2023年)。为生成多步推理过程,我们采用通过API调用的OpenAI gpt-3.5-turbo (OpenAI, 2023a) 模型作为核心大语言模型。针对gpt-3.5-turbo等黑盒模型在响应格式控制上的难题,我们基于GPT-4 (Bevilacqua et al., 2023) 构建了高级评估流程。
3.1.1. EXPERIMENTAL ANALYSIS
3.1.1. 实验分析
Our comprehensive evaluation, detailed in Table 2, compares the effectiveness of our CoA framework and eleven baseline methods across six question-answering datasets and one fact-checking dataset. We evaluate the framework’s performance in both information retrieval and non-retrieval scenarios, separately. The sole exception pertains to React, implemented by Langchian (Topsakal & Akinci, 2023). It exhibits an unresponsive behavior in the DATE dataset. As a result, we omit the comparison involving React within the DATE dataset. Our CoA framework demonstrates superior performance metrics in 12 of 14 test scenarios. Our method achieves a significant $3.42%$ improvement in the test tasks without information retrieval compared to the state-of-the-art baseline (Search Chain without IR), and a $6.14%$ increase in the test tasks with information retrieval over its state-of-the-art baseline (Search Chain). This is a significant outcome, as it underscores the effectiveness of our framework. It also demonstrates that CoA is well-suited for various question-answering tasks. In particular, the enhancement in performance is consistent regardless of the integration of IR. This indicates that our framework has intrinsic robustness and comprehensive understanding that is not reliant on external information.

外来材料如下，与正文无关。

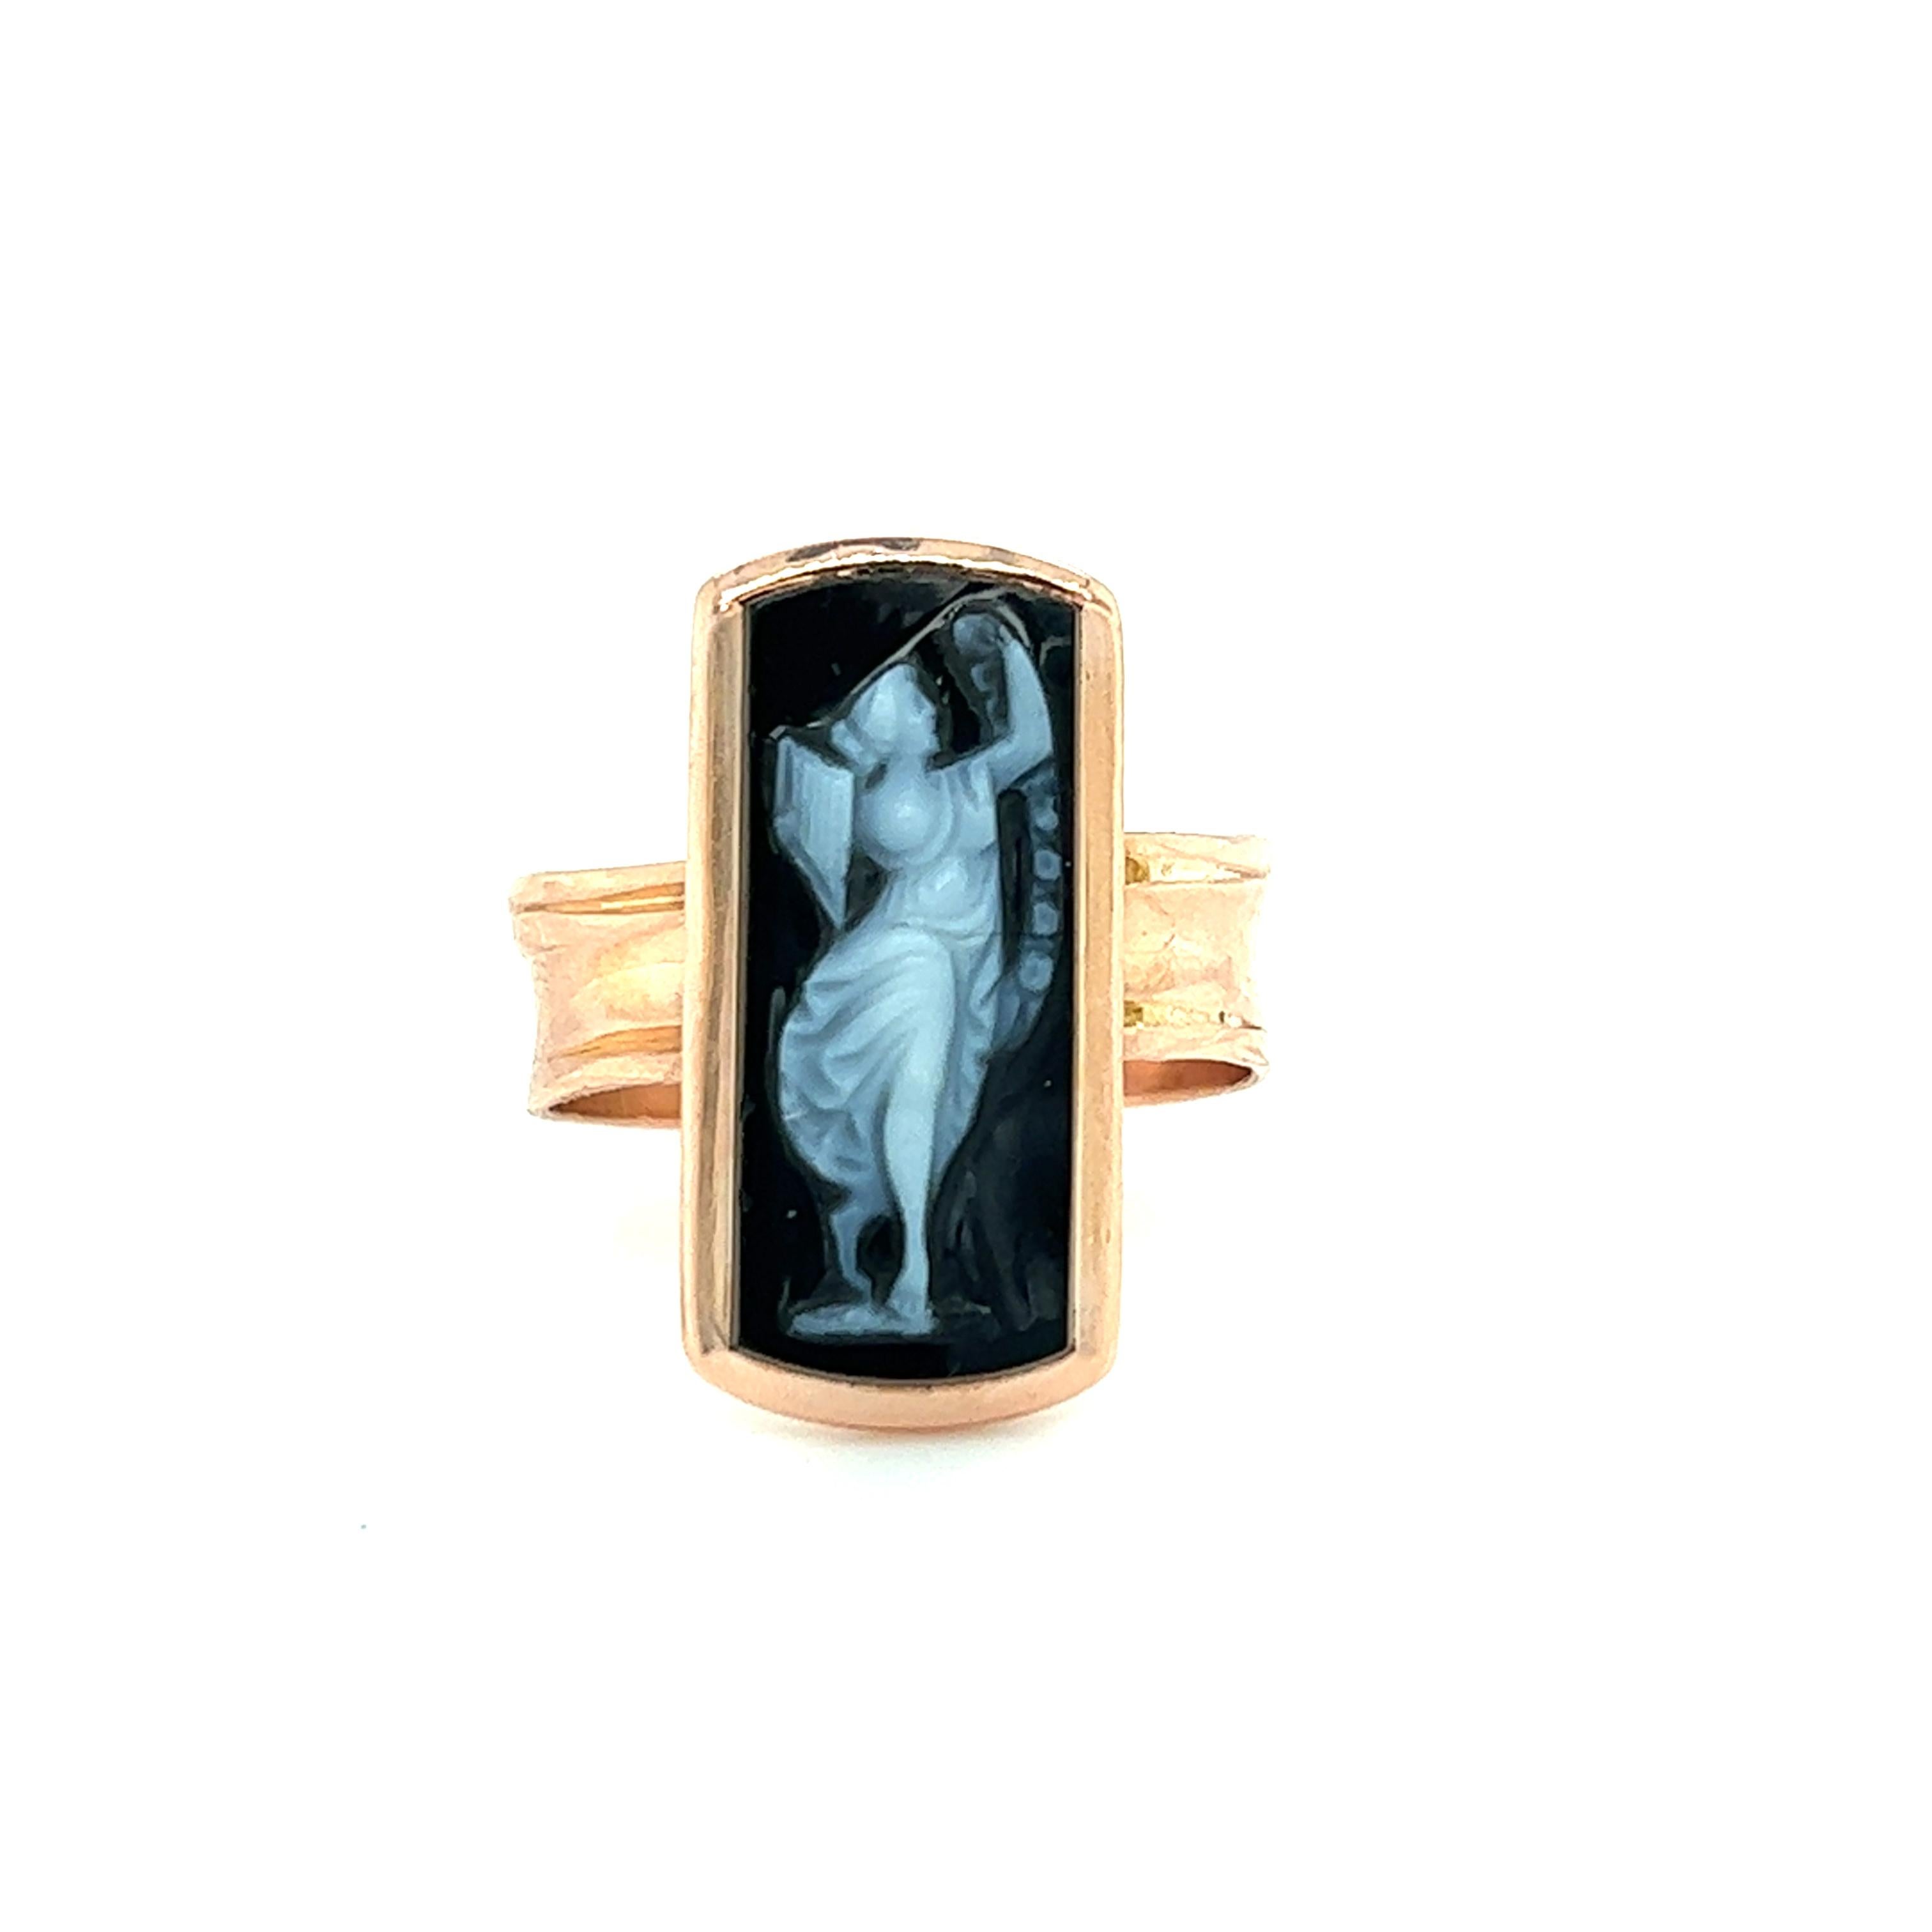 One 14-karat rose gold Victorian ring set with one 17x8mm rectangular black and white hard stone cameo. The ring is a finger size 5.75 and is resizable. Sizing is not included. The ring weighs 4.1 grams in total weight.  
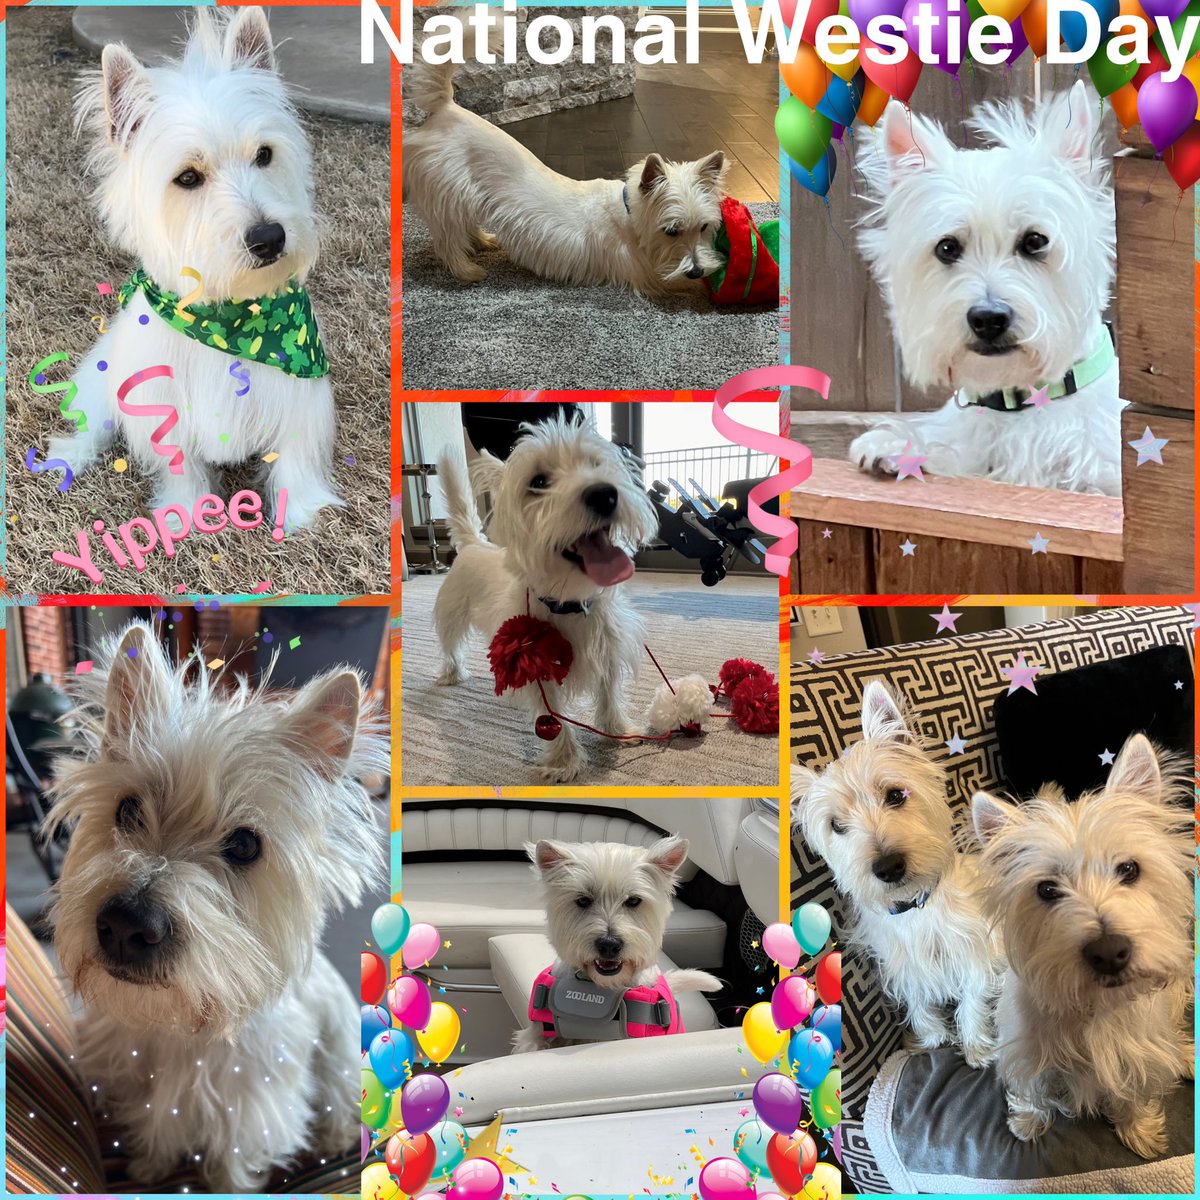 It’s #NationalWestieDay! 🐾🐾🎉🎉 Break out the bones! Grab the leashes! Get those pupcups ready! It’s OUR day! Wheeee!! 🎉🎉🐾🐾

我们在表2中详细展示了全面评估结果,对比了CoA框架与11种基线方法在六个问答数据集和一个事实核查数据集上的表现。我们分别评估了框架在信息检索和非检索场景下的性能。唯一例外是Langchian实现的React (Topsakal & Akinci, 2023),该模型在DATE数据集中出现无响应现象,因此我们排除了React在DATE数据集中的对比。CoA框架在14个测试场景中有12个表现出最优性能指标。在无信息检索的测试任务中,我们的方法比当前最优基线(无IR的Search Chain)显著提升3.42%;在含信息检索的测试任务中,比当前最优基线(Search Chain)提升6.14%。这一重要成果既验证了框架的有效性,也证明CoA能很好地适应各类问答任务。值得注意的是,无论是否集成信息检索,性能提升都保持稳定,这表明我们的框架具有不依赖外部信息的内在鲁棒性和全面理解能力。
In a further analysis detailed in Table 3, we delve into the complexity of reasoning processes in various methods. Our framework exhibits a higher average number of reasoning steps when decomposing complex questions. This metric is vital, highlighting the framework’s capability to engage in a multi-step inference process, a capability that is essential for solving intricate problems that require more than surface-level understanding. The fact that our framework outperforms others in this measure suggests that it can better understand and navigate the layers of complexity within questions, which is a testament to the sophisticated reasoning algorithms it employs.
在表3的进一步分析中,我们深入研究了各种方法的推理过程复杂度。我们的框架在分解复杂问题时展现出更高的平均推理步骤数。这一指标至关重要,凸显了该框架参与多步推理的能力——这种能力对于解决需要超越表层理解的复杂问题不可或缺。我们的框架在该指标上优于其他方法,表明其能更好地理解和驾驭问题中的多层复杂性,这印证了其所采用的先进推理算法。
Additionally, Table 6 explores the average frequency of LLM usage per question. Our framework shows a reduced frequency, reflecting the CoA framework’s efficiency in minimizing LLM usage costs. It is a vital attribute for addressing complex issues with lower expenditure. This aspect suggests that our CoA surpasses others in this respect.
此外,表6探讨了每个问题的LLM平均使用频率。我们的框架显示出更低的频率,反映了CoA框架在最小化LLM使用成本方面的效率。这是以更低支出解决复杂问题的重要特性。这一方面表明我们的CoA在这方面超越了其他方法。
Lastly, Table 4 scrutinizes the methods in terms of their susceptibility to being misled by external knowledge. This is a nuanced aspect of framework evaluation, as it speaks to the framework’s ability to discern relevant from irrelevant information, a nontrivial task in the age of information overload. Our framework emerges as the most resistant to misinformation, maintaining high accuracy even when interfacing with external data sources. This reveals not only the advanced data parsing and filtering capabilities of CoA but also its potential to mitigate the risks associated with the proliferation of false LLM-generated information.
最后,表4详细分析了这些方法在易受外部知识误导方面的表现。这是框架评估中一个微妙的方面,因为它反映了框架区分相关信息与无关信息的能力,在信息过载时代这是一项不简单的任务。我们的框架表现出最强的抗误导性,即使在与外部数据源交互时也能保持高准确度。这不仅揭示了CoA先进的数据解析和过滤能力,也展现了其在降低大语言模型生成虚假信息扩散风险方面的潜力。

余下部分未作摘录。